**THE PROBLEM**
Copy exactly the lines of the data below that run from the line holding "sfondo vettoriale giallo" through the line holding "Vintage 1993 The", both ends included.

**EXTRACTED INFORMATION**
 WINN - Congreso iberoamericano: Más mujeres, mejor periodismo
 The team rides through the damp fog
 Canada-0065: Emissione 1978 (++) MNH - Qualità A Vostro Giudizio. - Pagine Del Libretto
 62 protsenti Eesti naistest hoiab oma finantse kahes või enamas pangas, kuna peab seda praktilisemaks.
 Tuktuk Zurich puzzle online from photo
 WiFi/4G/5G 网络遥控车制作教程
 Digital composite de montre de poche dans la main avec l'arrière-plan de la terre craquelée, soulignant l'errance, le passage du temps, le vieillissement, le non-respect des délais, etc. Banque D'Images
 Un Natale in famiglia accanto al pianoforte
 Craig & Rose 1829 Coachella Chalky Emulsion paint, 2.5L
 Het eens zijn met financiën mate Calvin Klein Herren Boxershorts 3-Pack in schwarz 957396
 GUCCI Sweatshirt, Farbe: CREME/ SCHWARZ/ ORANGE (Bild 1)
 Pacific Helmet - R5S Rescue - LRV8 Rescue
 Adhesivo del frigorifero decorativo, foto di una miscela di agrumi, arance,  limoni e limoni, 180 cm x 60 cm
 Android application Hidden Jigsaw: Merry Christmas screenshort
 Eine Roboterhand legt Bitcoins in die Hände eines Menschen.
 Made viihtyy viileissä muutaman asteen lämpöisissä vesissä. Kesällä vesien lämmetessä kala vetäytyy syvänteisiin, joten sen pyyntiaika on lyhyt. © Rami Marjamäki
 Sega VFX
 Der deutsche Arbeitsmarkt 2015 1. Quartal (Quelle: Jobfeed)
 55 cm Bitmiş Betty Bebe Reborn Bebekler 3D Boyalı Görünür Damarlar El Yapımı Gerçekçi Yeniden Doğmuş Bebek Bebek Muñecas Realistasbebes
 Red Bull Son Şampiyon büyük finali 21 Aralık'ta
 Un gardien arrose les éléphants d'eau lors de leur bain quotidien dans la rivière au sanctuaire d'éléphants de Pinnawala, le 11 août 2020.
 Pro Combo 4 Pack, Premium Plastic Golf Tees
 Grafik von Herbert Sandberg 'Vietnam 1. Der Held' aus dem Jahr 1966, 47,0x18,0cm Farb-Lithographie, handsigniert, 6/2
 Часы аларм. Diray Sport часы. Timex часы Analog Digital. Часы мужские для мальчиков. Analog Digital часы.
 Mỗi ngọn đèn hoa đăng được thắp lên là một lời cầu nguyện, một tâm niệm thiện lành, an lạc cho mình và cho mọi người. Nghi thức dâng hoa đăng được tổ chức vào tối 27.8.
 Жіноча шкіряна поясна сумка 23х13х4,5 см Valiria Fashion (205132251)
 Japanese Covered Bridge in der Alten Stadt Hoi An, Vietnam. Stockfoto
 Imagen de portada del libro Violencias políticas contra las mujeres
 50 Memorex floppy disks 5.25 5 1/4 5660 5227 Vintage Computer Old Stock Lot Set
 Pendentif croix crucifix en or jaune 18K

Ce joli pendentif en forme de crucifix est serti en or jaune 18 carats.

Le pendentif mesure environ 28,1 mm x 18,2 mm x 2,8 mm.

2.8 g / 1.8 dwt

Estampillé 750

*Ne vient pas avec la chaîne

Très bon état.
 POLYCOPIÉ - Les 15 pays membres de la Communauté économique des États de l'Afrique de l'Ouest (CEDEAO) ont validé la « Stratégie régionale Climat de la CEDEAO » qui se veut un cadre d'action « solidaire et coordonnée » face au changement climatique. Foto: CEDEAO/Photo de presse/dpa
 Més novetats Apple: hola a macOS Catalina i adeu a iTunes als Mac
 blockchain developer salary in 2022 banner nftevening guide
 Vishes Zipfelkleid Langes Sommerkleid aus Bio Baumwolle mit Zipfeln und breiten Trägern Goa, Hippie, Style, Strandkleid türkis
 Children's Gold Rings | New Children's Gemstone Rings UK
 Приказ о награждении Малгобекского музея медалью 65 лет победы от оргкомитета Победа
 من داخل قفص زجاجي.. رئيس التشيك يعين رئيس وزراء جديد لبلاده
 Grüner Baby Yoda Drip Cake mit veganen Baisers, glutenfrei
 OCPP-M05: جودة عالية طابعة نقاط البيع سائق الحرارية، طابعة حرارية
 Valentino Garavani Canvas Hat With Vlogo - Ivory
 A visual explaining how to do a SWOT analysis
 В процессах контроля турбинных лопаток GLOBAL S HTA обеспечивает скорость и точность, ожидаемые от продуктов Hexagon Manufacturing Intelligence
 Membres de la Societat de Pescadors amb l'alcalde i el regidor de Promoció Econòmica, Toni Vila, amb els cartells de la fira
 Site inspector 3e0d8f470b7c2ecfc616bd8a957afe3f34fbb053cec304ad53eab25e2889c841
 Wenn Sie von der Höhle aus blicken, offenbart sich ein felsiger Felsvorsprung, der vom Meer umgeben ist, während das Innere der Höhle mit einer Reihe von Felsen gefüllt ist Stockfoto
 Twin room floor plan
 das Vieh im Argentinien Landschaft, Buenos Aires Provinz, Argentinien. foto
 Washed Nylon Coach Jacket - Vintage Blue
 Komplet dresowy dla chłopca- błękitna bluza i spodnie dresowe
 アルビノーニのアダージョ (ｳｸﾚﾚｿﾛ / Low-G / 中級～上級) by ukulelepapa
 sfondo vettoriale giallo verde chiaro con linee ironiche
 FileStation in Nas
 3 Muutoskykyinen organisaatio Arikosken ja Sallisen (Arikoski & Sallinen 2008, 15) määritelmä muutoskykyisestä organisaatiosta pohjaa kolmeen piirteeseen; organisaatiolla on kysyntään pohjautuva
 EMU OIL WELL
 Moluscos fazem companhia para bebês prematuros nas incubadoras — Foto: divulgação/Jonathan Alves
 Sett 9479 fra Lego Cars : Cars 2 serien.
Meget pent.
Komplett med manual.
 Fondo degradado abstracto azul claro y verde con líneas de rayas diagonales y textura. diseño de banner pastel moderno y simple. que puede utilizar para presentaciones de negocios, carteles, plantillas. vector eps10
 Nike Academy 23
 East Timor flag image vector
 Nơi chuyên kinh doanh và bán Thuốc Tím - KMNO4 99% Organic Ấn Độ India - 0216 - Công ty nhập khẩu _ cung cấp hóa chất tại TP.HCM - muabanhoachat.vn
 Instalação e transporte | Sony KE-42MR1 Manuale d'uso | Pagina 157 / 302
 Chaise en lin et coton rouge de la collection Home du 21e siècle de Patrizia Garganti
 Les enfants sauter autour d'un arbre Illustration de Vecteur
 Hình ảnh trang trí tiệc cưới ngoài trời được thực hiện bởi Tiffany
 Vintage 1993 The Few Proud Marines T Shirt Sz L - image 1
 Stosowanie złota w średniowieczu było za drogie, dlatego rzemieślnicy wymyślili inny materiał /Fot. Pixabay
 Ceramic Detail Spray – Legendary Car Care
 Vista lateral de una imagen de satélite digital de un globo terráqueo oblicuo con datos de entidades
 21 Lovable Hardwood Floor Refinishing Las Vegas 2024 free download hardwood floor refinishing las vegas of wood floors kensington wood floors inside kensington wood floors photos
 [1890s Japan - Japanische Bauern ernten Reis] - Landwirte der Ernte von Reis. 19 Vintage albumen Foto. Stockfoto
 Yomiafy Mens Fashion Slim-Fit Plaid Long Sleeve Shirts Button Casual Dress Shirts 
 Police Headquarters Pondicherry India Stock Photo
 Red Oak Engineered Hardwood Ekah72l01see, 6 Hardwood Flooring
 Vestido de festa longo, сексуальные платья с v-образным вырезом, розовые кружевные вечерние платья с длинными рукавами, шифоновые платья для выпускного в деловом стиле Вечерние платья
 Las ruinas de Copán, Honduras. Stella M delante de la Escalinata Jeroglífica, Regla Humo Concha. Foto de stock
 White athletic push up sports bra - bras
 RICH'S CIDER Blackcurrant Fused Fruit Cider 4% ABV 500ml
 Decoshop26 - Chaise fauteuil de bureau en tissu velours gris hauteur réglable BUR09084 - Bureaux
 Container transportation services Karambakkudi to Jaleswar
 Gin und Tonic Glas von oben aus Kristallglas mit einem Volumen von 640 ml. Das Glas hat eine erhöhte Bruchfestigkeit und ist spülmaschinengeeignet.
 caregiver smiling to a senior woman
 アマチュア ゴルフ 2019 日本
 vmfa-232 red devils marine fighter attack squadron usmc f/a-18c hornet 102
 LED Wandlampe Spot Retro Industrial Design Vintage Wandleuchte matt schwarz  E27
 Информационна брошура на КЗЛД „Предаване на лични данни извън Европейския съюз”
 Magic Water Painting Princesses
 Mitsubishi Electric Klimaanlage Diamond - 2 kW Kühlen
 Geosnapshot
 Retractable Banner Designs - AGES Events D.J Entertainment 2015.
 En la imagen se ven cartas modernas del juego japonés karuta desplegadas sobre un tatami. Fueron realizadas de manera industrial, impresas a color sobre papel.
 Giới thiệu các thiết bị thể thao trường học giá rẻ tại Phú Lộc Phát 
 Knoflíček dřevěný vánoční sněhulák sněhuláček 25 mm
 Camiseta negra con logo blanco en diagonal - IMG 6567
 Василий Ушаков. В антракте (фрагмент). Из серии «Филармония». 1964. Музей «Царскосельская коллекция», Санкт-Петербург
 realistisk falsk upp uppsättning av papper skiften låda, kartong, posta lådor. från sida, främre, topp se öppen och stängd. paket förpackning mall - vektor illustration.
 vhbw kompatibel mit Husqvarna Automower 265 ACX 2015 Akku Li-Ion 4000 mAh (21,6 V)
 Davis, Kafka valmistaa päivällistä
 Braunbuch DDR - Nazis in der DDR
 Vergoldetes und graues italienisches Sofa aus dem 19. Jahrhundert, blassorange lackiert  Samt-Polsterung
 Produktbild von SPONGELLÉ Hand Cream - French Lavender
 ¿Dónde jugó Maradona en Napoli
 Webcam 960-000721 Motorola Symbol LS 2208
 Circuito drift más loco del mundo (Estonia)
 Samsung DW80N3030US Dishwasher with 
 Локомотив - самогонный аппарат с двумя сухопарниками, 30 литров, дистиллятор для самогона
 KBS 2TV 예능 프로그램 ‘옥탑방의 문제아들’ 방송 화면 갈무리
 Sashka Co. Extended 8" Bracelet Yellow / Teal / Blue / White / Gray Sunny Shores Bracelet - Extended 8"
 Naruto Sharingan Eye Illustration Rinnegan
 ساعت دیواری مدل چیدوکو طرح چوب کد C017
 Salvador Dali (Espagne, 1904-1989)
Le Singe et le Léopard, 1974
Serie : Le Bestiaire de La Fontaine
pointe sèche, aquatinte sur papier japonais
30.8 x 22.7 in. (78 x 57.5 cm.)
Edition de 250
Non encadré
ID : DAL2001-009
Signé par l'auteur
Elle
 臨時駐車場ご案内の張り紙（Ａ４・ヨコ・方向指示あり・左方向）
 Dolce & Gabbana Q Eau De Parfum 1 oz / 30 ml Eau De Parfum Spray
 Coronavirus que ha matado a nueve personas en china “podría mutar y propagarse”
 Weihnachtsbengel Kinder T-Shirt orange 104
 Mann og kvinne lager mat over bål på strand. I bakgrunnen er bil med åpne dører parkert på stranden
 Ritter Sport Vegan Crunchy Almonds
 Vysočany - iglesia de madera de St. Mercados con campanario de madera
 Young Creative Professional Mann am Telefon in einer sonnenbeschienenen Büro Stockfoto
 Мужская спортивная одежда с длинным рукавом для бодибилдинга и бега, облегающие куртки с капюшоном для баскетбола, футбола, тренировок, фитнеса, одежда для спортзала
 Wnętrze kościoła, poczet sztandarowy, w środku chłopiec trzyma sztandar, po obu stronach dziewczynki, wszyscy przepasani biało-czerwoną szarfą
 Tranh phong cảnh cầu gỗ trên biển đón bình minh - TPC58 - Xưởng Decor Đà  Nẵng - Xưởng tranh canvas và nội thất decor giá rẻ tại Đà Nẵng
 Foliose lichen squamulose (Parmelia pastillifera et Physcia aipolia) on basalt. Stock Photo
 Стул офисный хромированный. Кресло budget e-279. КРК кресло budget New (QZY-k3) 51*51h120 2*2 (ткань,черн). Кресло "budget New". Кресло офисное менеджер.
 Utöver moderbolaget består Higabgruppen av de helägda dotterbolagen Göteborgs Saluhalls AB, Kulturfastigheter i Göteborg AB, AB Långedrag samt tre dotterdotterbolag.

**ANSWER BOX**
 sfondo vettoriale giallo verde chiaro con linee ironiche
 FileStation in Nas
 3 Muutoskykyinen organisaatio Arikosken ja Sallisen (Arikoski & Sallinen 2008, 15) määritelmä muutoskykyisestä organisaatiosta pohjaa kolmeen piirteeseen; organisaatiolla on kysyntään pohjautuva
 EMU OIL WELL
 Moluscos fazem companhia para bebês prematuros nas incubadoras — Foto: divulgação/Jonathan Alves
 Sett 9479 fra Lego Cars : Cars 2 serien.
Meget pent.
Komplett med manual.
 Fondo degradado abstracto azul claro y verde con líneas de rayas diagonales y textura. diseño de banner pastel moderno y simple. que puede utilizar para presentaciones de negocios, carteles, plantillas. vector eps10
 Nike Academy 23
 East Timor flag image vector
 Nơi chuyên kinh doanh và bán Thuốc Tím - KMNO4 99% Organic Ấn Độ India - 0216 - Công ty nhập khẩu _ cung cấp hóa chất tại TP.HCM - muabanhoachat.vn
 Instalação e transporte | Sony KE-42MR1 Manuale d'uso | Pagina 157 / 302
 Chaise en lin et coton rouge de la collection Home du 21e siècle de Patrizia Garganti
 Les enfants sauter autour d'un arbre Illustration de Vecteur
 Hình ảnh trang trí tiệc cưới ngoài trời được thực hiện bởi Tiffany
 Vintage 1993 The Few Proud Marines T Shirt Sz L - image 1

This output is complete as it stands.